Employer shall reimburse Executive for all
reasonable expenses incurred by Executive in connection with the business of the Employer, including expenses for entertainment
(and any club memberships approved by the chief executive officer of Mercshares), travel and similar items, and will provide
Executive, without charge, with the use of an automobile for business purposes, in accordance with Employer policy. Executive
shall submit to Employer substantiation for
reimbursable expenses.
6.
Vacation
.
Executive shall be entitled to a minimum of four
weeks vacation each year.
7.
Scope of Employment
.
Executive shall perform the duties of Vice Chairman
of Mercshares and Chairman and CEO of Investment and Wealth Management of Mercshares and Merc-Safe and associated services for
affiliates as defined by Employer. The duties will include the executive leadership of the Investment and Wealth Management
Division of Merc-Safe, or any designated successor division. Executive agrees to serve with undivided loyalty to Employer and to
devote all of his working time
and efforts in performance of such duties, except for attention to personal investments, participation in family business
enterprises, outside directorships, and public service commitments, provided that none of the foregoing shall unreasonably
interfere with his principal employment. Employer shall provide Executive with suitable office, secretarial and other support
assistance appropriate to his position.
8.
Early Termination
.
This Agreement shall terminate prior to its specified
expiration, as may be extended from time to time, on the occurrence of the death of Executive, or termination by the Employer for
good cause. For purposes of this Agreement, good cause shall be limited to proven or admitted fraud or material illegal acts by
Executive or a breach of any of Executive’s covenants of undivided loyalty to and the performance of duties for Employer, as
set out in Section 7 of
this Agreement.

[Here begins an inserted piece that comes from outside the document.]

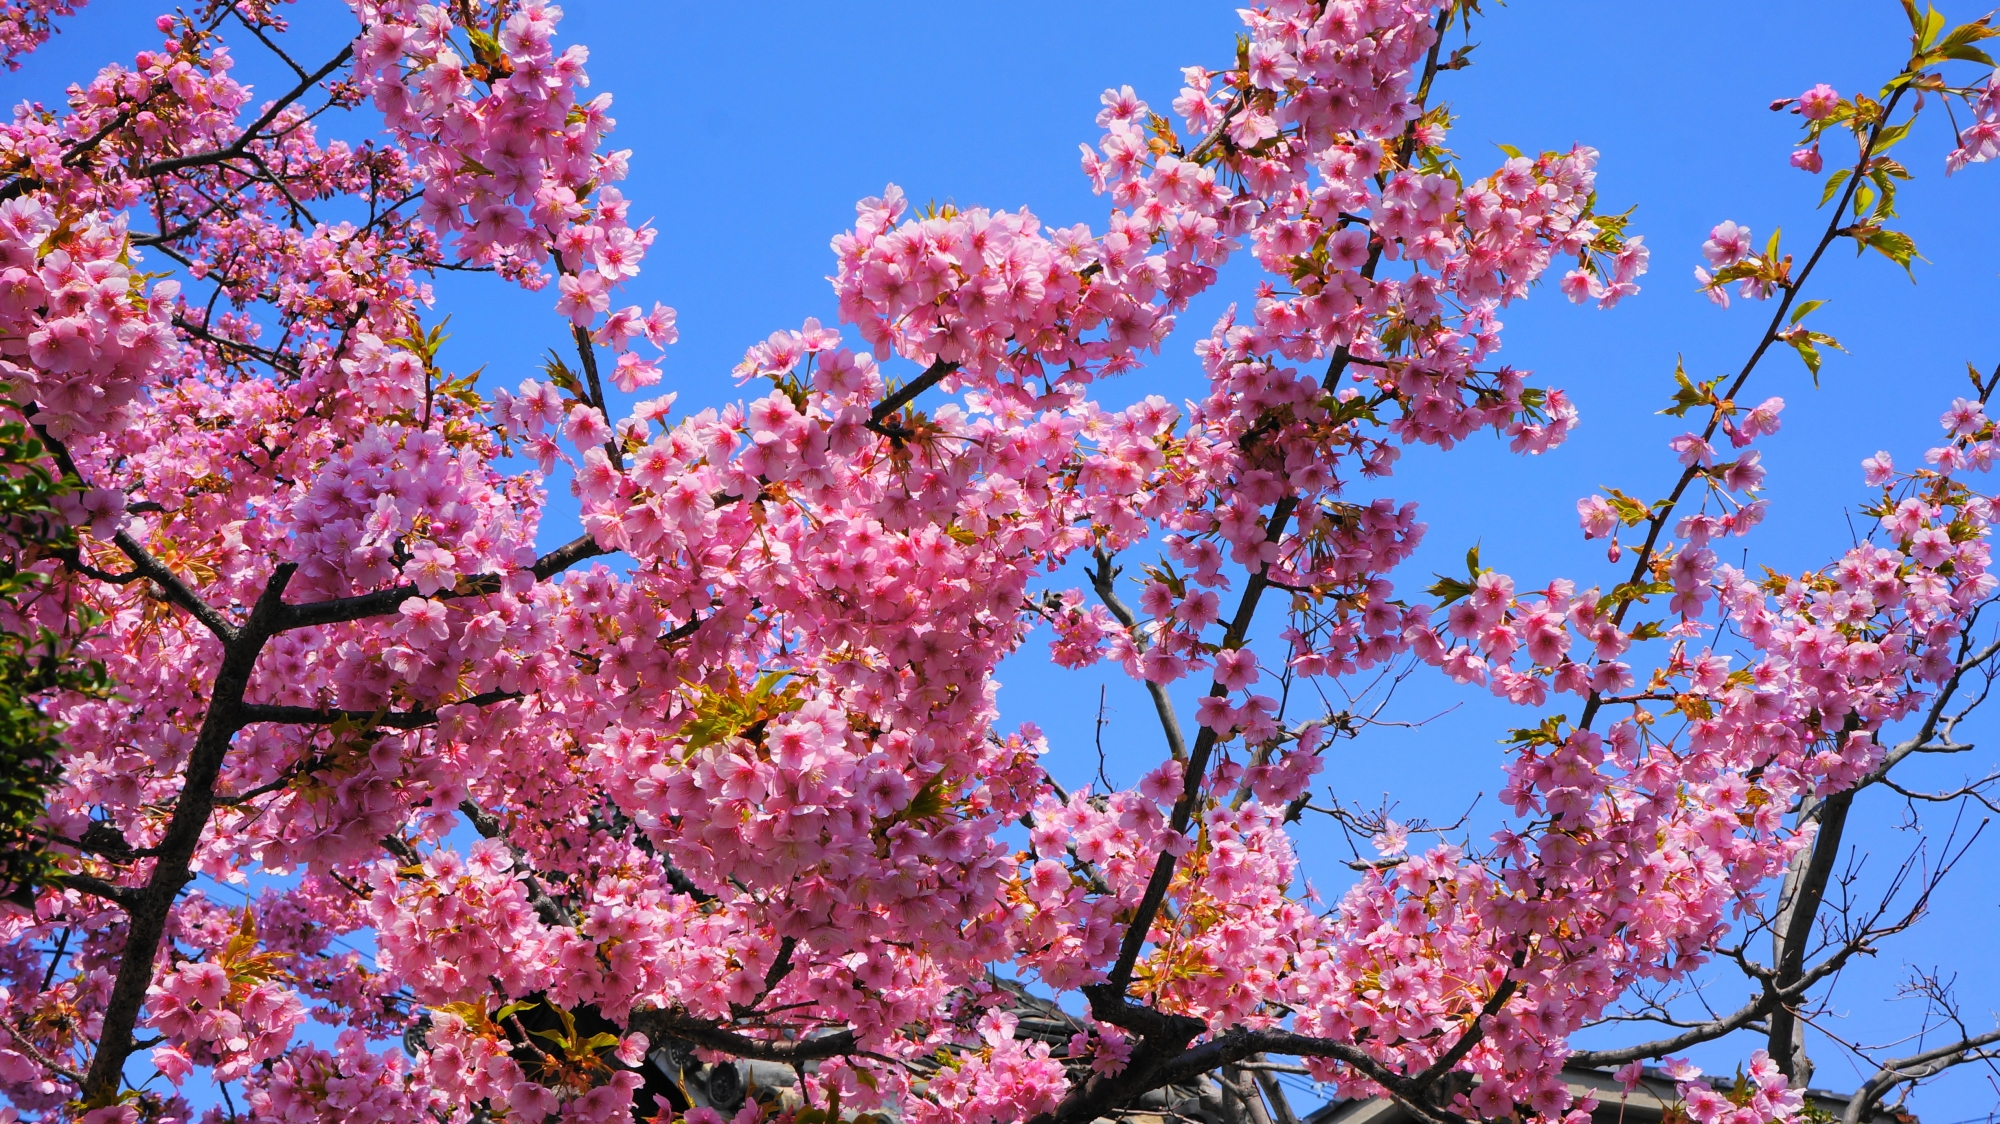 蓮光寺の素晴らしい河津桜と春の情景

In addition, if Executive is unable to perform his duties of office by reason of illness or incapacity for a
period of more than one hundred eighty (180) consecutive days, Employer shall be entitled to remove Executive from some or any of
his offices; provided that Employer shall restore Executive to any such office if he shall become able to perform the duties of
any such office at any time within the three hundred sixty-five (355) days next following his removal from any such office.

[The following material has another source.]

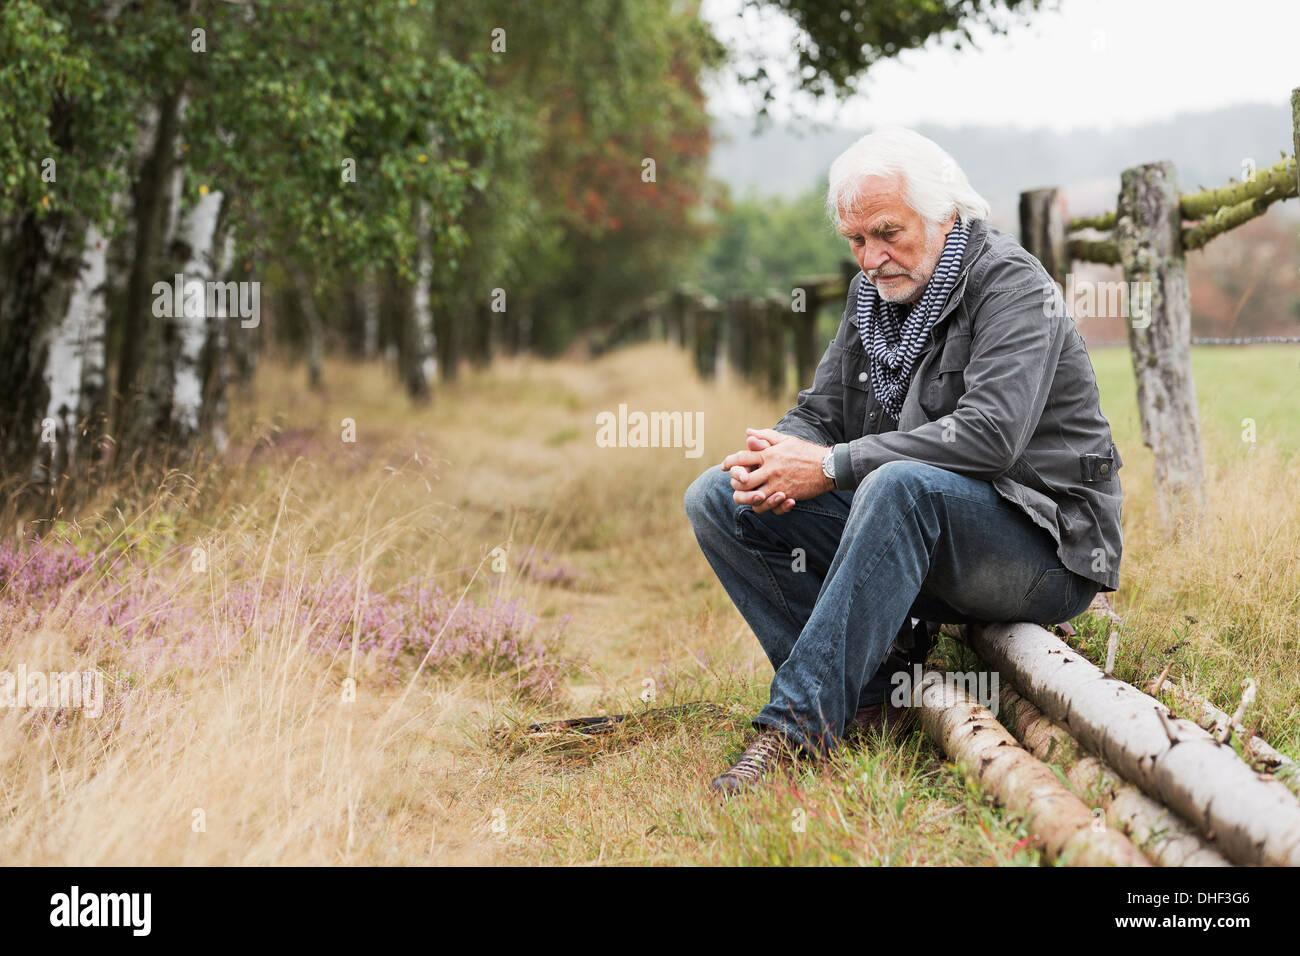 Senior man sitting on log - Stock Image

Notwithstanding the provisions of Section 3 of this Agreement, in the event of Executive’s long-term disability as defined
under Employer’s Disability Insurance Plan, Executive shall be compensated as provided under such Plan, as supplemented by
Employer, and shall not receive his base salary or earn any bonus under this Agreement for the period of time that such disability
shall continue.
In the event that this Agreement is terminated for
good cause as herein provided, all obligations hereunder of Employer to Executive (other than for
reimbursement of expenses incurred by Executive prior to
termination and any employee benefits that are not extinguished by termination for cause) shall also simultaneously terminate
forthwith.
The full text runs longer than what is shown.